Cyrus Bio is an AI-driven Seattle-based drug discovery company focused on naturally existing proteins that show the potential to be turned into superior therapeutics using AI and deep mutagenesis. Cyrus’ platform combines laboratory-tested AI and Rosetta (developed at the UW IPD) computational methods with a full biochemistry lab specializing in quantitative, large-scale mutagenesis scanning and state-of-the-art protein engineering and assaying techniques.

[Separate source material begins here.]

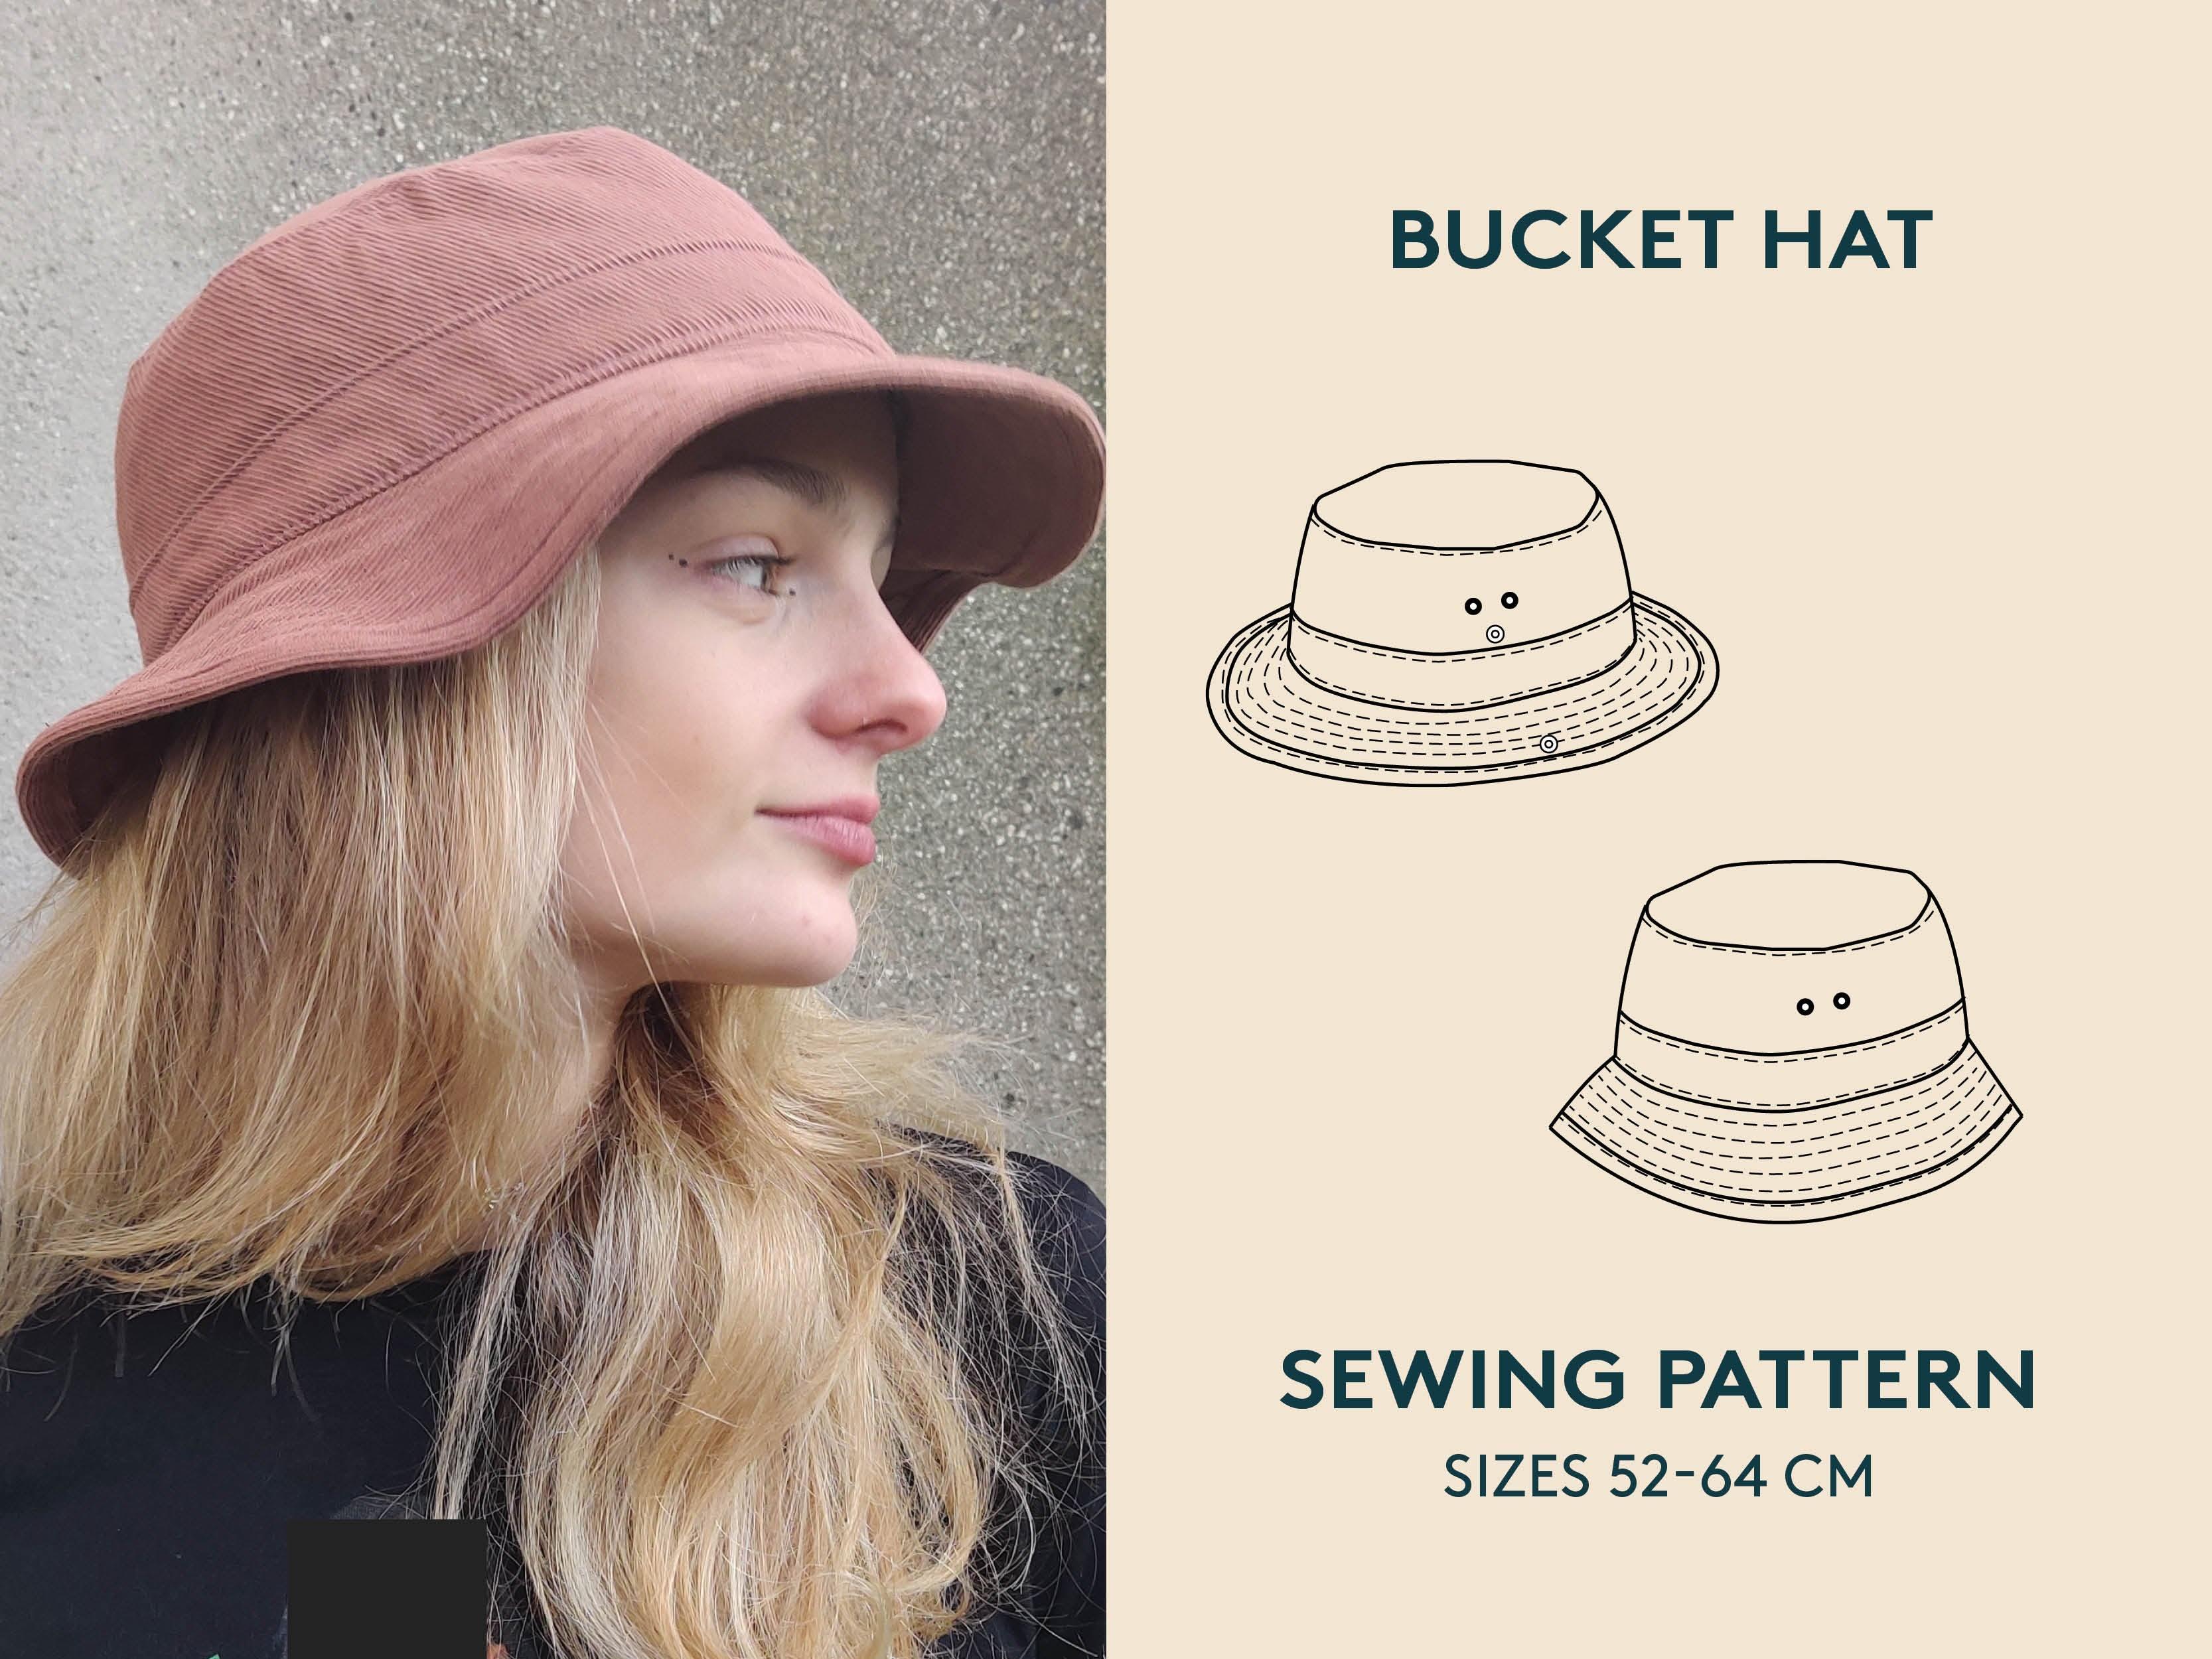 Bucket hat sewing pattern, Spara 86% fantastisk rabatt - www

In 2022, Cyrus co-founded the Openfold consortium with Amazon, NVIDIA, Genentech, Outpace and Arzeda. Lucas Nivon, CEO at Cyrus is a member of the 4-person OpenFold Executive Committee, responsible for choosing new research directions in protein AI.
💠 PathAI Inc
On November 21, 2024, PathAI released PathExplore Fibrosis, an AI-based tool (for research use only and not for use in diagnostic procedures) that analyzes fibrosis and collagen structures from H&E-stained whole-slide tissue images. The software quantifies fibrotic areas and collagen fibers from standard pathology slides, replacing specialized staining techniques and microscopy equipment (PathAI launches AI tool for analyzing fibrosis in cancer tissue samples).

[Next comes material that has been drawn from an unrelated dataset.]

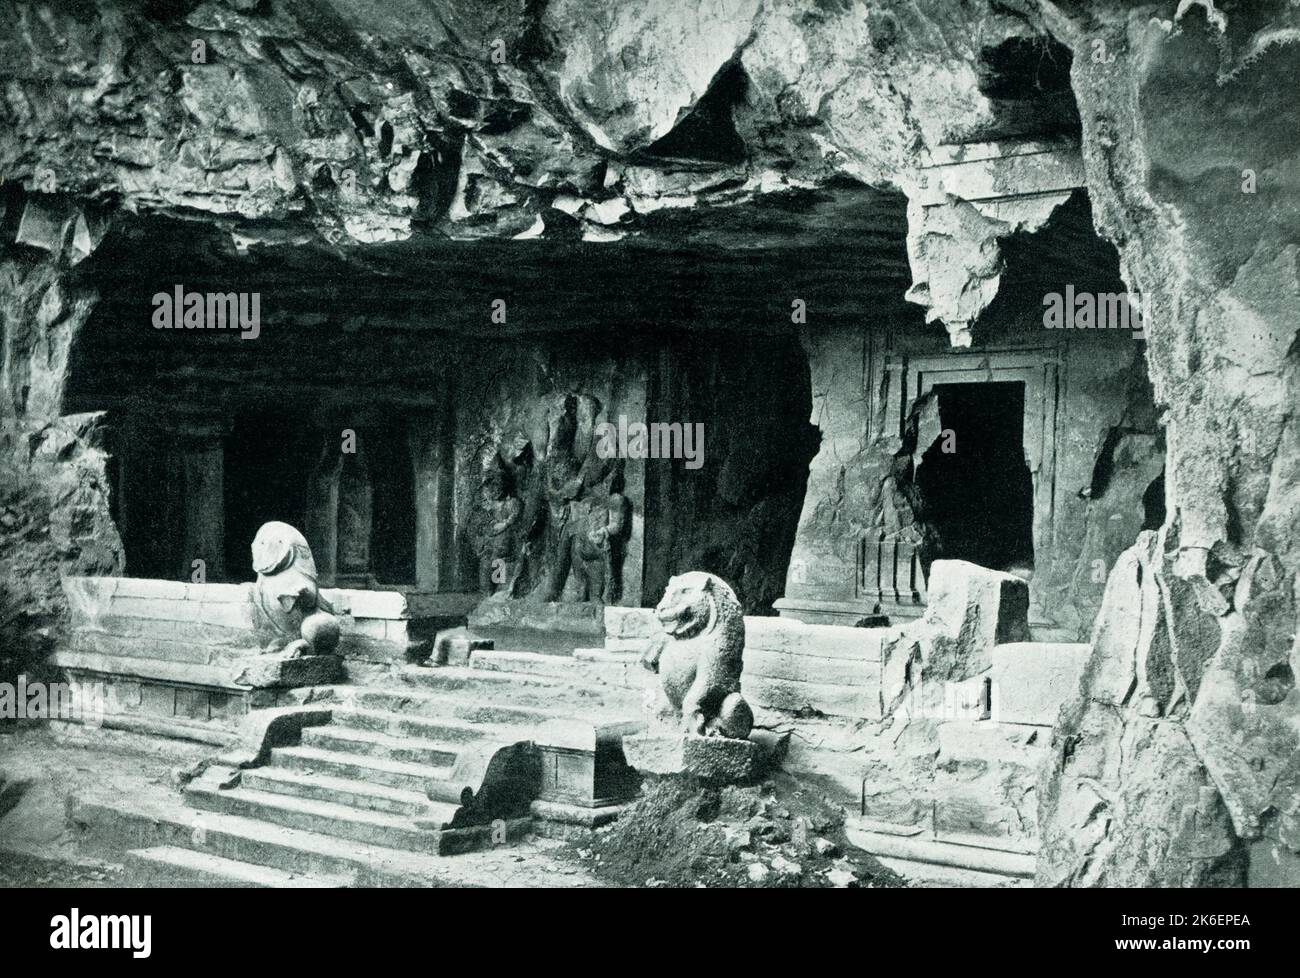 Die Bildunterschrift für dieses Bild von 1910 lautet: „Eingang zu einem der Grotto-Tempel auf der Insel Elephanta in Bombay [Indien]“. Elephanta Island, Hindi Gharapuri („Fortress City“), Insel im Hafen von Mumbai (Bombay) am Arabischen Meer, etwa 6 Meilen östlich von Mumbai. Die Grotte oder Höhlentempel sind meist dem Hindu-gott Shiva gewidmet. Stockfoto

Boston Massachusetts-based PathAI, provides AI-powered research tools and services for digitizing and analyzing pathology images in order to make safer and more affordable the sub-typing of diseases like breast cancer. PathaAI has the pathology market’s first algorithm to use additive multiple instance learning (aMIL)—the AIM-HER2 Breast Cancer—that delivers automated digital HER2 scoring. MIL models enable spatial credit assignment such that the contribution of each region in the image can be exactly computed and visualized, to provide greater transparency for how AI predictions are made.
In April 2023, PathAI and ConcertAI announced a strategic partnership combining PathAI’s PathExplore™ tumor microenvironment panel with ConcertAI’s Patient360™ and RWD360™ products, to launch a first-in-class quantitative histopathology and curated clinical real-world data (RWD) solution. As of 2023, PathAI and Agilent Technologies Inc (NYSE: A) have a strategic partnership to deliver a solution that combines Agilent’s assay development expertise and PathAI’s algorithm development capabilities. By incorporating AI into CDx development, the partnership enables Agilent and PathAI to build integrated solutions with assays and ML analysis algorithms. PathAI works also with Roche Tissue Diagnostics (RTD) to expand digital pathology capabilities for companion diagnostics.
Finally, PathaAI has a multiyear drug discovery partnership with GlaxoSmithKline (LON: GSK) on advancing clinical trials and drug development in oncology and for nonalcoholic steatohepatitis (NASH), an aggressive type of fatty liver disease, by leveraging PathAI’s technologies, including the use of PathAI’s AIM-NASH tool. PathAI’s role will be to generate, digitize and analyze liver biopsy slides for central pathologist evaluation in addition to AI-powered histologic evaluation using PathAI’s AI-based measurement of NASH Histology (AIM-NASH) Tool, during HORIZON—a randomized Phase 2b non-alcoholic steatohepatitis (NASH) clinical trial—to measure improvements in liver histology with GSK4532990 compared with placebo in participants with NASH and advanced fibrosis.